Originally Posted by
NoControl
..., you can make a grocery run in a Corvette or a Pinto. In the end you get the same results.
But the food tastes so much better when you rode your Rohloff bike to the grocery store. <Insert chuckle here.>
Originally Posted by
elcruxio
... I think Rohloff also has a torque limit but I have no idea what that is.
To the best of my knowledge Rohloff does not have a torque limit but they do have a limit on the ratio of chainring to rear sprocket, riders under 100 kg that ratio is 1.9, heavier rider and tandems have a higher ratio but I am not sure what that currently is. Although setting a ratio like that is a form of torque limiting, it is much less precise than the specification you cited for the pinion.

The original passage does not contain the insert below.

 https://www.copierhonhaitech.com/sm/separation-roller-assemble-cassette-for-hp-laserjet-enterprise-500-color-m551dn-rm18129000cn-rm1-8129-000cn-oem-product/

For touring with a load I use a chainring with a 2.25 ratio. The 2.25 ratio gives me a first gear that has a cadence of 72 at 3.5 mph with a 57mm wide 26 inch tire. I need 3.5 mph to maintain vertical and directional stability, so a lower gear would be lower than I would find useful. For unladen riding around home I change that to 2.75 ratio as I find an unloaded bike does not need the lowest gears for the hills near my home.
Originally Posted by
seeker333
I'd pick Rohloff over Pinion too. ...
I'd pick this Siskiyou with Rohloff hub, less-rack-mount-interfering chainstay brake caliper mount and eccentric BB.

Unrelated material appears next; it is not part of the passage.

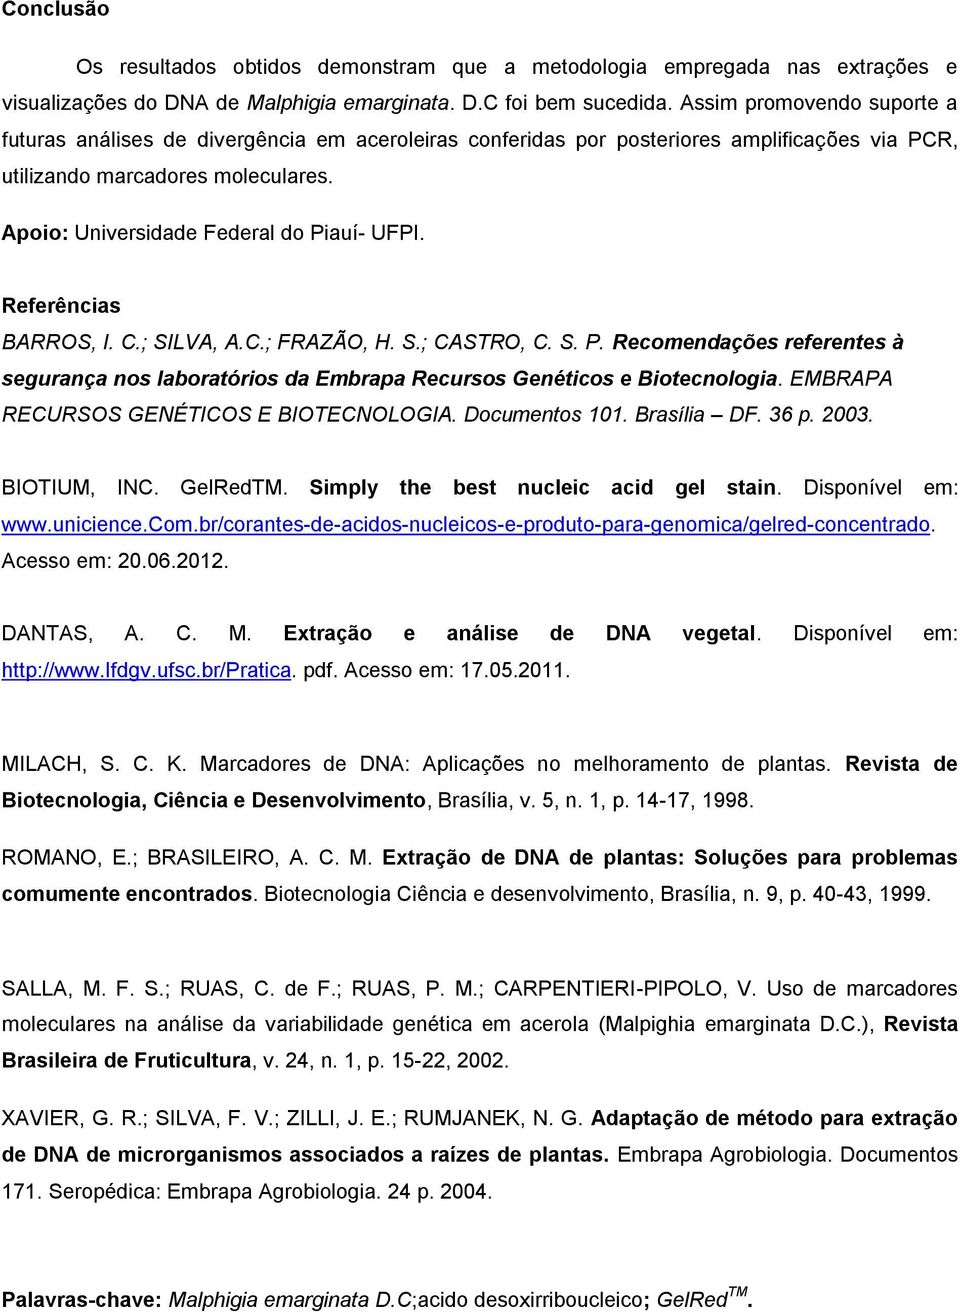 Apoio: Universidade Federal do Piauí- UFPI. Referências BARROS, I. C.; SILVA, A.C.; FRAZÃO, H. S.; CASTRO, C. S. P. Recomendações referentes à segurança nos laboratórios da Embrapa Recursos Genéticos e Biotecnologia.

CoMo offers the Pathfinder Package as a $600 option on all it's bike, consisting of a Schmidt SON28 hub, Edelux II headlight and Sinewave Cycles Reactor USB steerer cap. That is a good lighting/charging package but it's twice what you or I would pay for the parts from a German LBS (which is the case for every component or option on a CoMo bike).....
I considered the Pangea and Thorn Nomad Mk II which is what I eventually got. Both are 26 inch. I think that 26 inch wheels make a bit more sense for an S&S bike than a 650b wheel as they are a bit smaller diameter and fit better in the case. But the 650b beats the 700c wheel in this regard, so maybe the choice of 650b was a compromise.
I found that the Sinewave does not play well with my Garmin 64, the Sinewave lacks a cache battery that my Garmin appears to require. To make my Garmin 64 work with the Sinewave, I need an external cache battery. Perhaps the other Garmin models work with the Sinewave directly, but not my Garmin 64. My Garmin 64 also works great with the B&M Luxox U because it has a cache battery built in.